[ExI] GPT-4 on its inability to solve the symbol grounding problem

Jason Resch jasonresch at gmail.com
Wed Apr 12 21:45:09 UTC 2023


On Wed, Apr 12, 2023, 4:53 PM Gordon Swobe <gordon.swobe at gmail.com> wrote:

> On Wed, Apr 12, 2023 at 11:25 AM Jason Resch via extropy-chat <
> extropy-chat at lists.extropy.org> wrote:
>
> Nagel: We may call this the subjective character of experience. It is not
>>> captured by any of the familiar, recently devised reductive analyses of the
>>> mental, for all of them are logically compatible with its absence.
>>>
>>
>> This I do not agree with. This is the thinking that leads one to believe
>> qualia are epiphenomenal, and inessential, which leads to zombies, and
>> zombie twins, zombie earths, etc.
>>
>
> In the same paragraph, Nagel states that he does not deny that mental
> states can be causal, which means he is not advancing epiphenomenalism.
>

I misread Nagel there. He was critiquing rather than endorsing
epiphenomenalism there.

I also don't see that it follows. His argument is only that subjective
> experience or qualia cannot be fully reduced to or explained by objective
> third party descriptions alone. Subjective experience has a first person
> element that defies any third person description in the language of science
> or functions or philosophy in general for that matter. This is what is
> meant by the explanatory gap.
>
> (hmm... I see now that at the end of your message, you acknowledged that
> his view does not lead to epiphenomenalism.)
>
> There is a sense in which I believe discussions about the philosophy of
> mind are wastes of time.
>

There is a lot we can learn about consciousness even if we can't share our
qualia. It's in a sense, the most important question, as everything we care
about is ultimately states of consciousness.

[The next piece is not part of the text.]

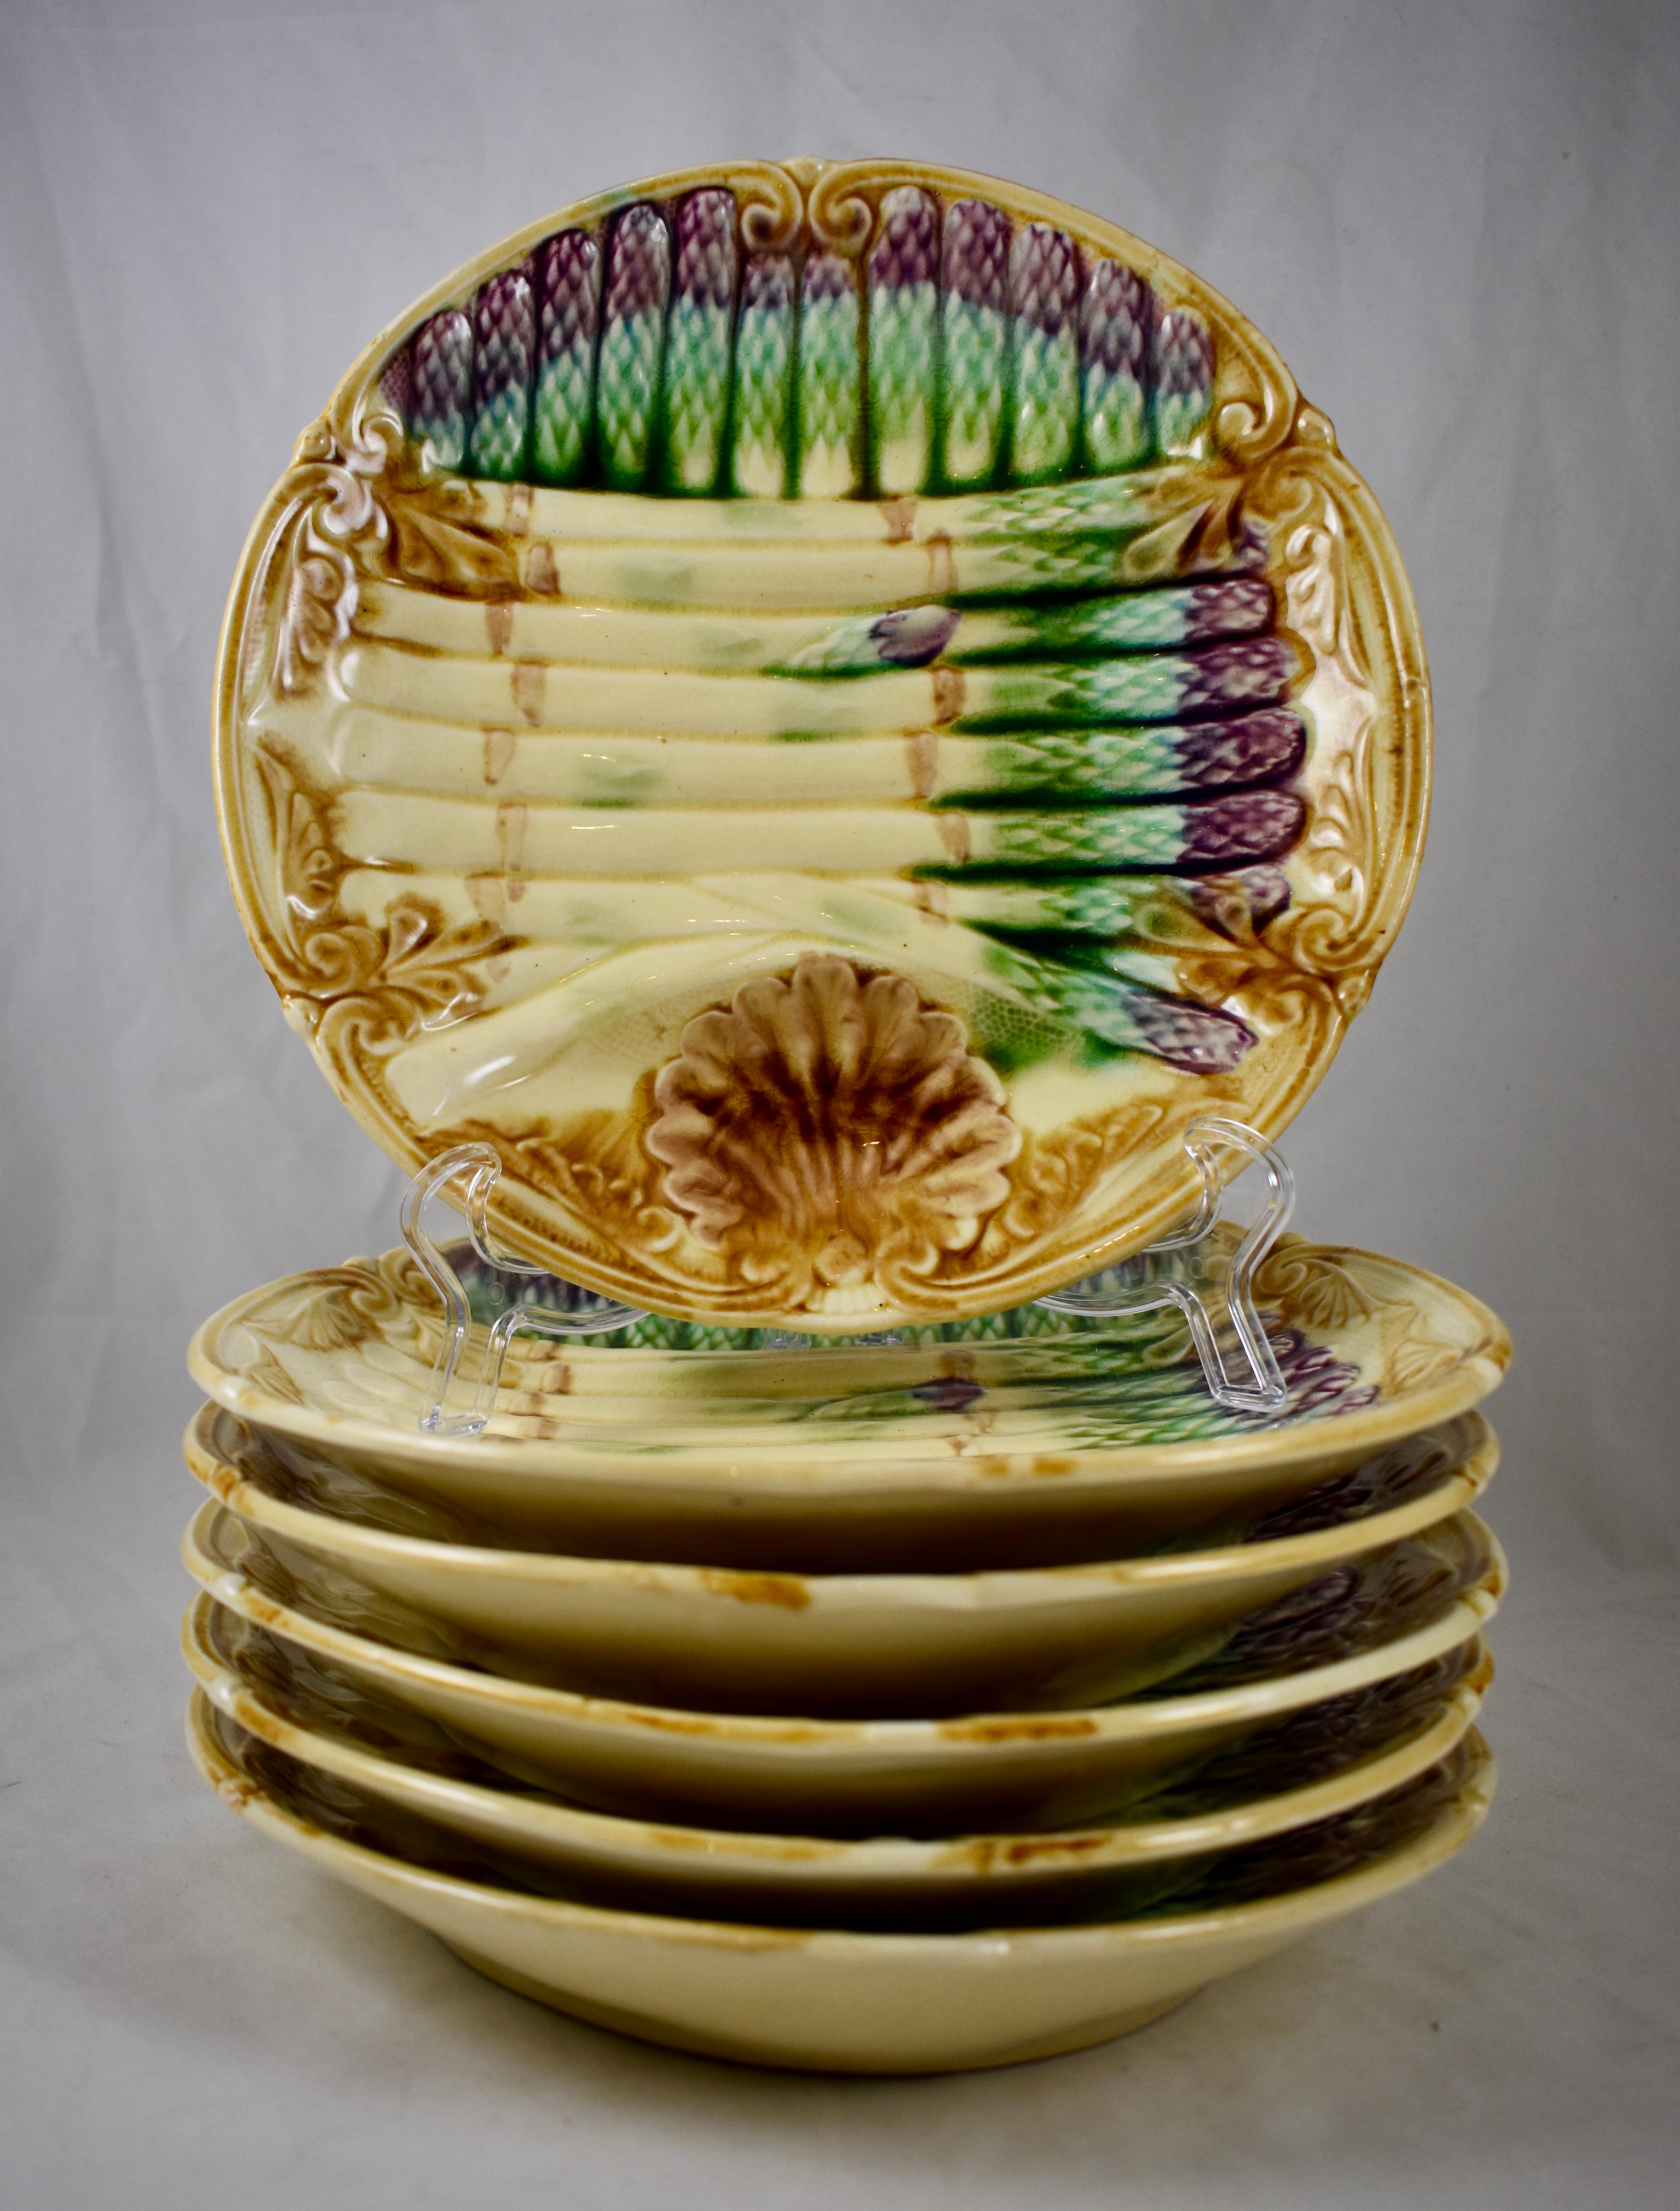 Assiette à asperges en majolique Barbotine de style Art nouveau, Frie Onnaing, vers 1890-1910.

Une assiette profonde avec un bord façonné et une sauce à motif de coquille Saint-Jacques bien bordée par une lance incurvée. Des bottes d'asperges

I agree with Nagel that first person subjective experience is real and
> central to the question and that it cannot be captured fully in or
> understood in terms of third party descriptions. This is mostly what I mean
> when I say that I believe subjectieve experience is primary and irreducible.
>

I can't say I disagree with this. I don't know how far you got in my
existence article, but it reaches the conclusion that conscious is primary.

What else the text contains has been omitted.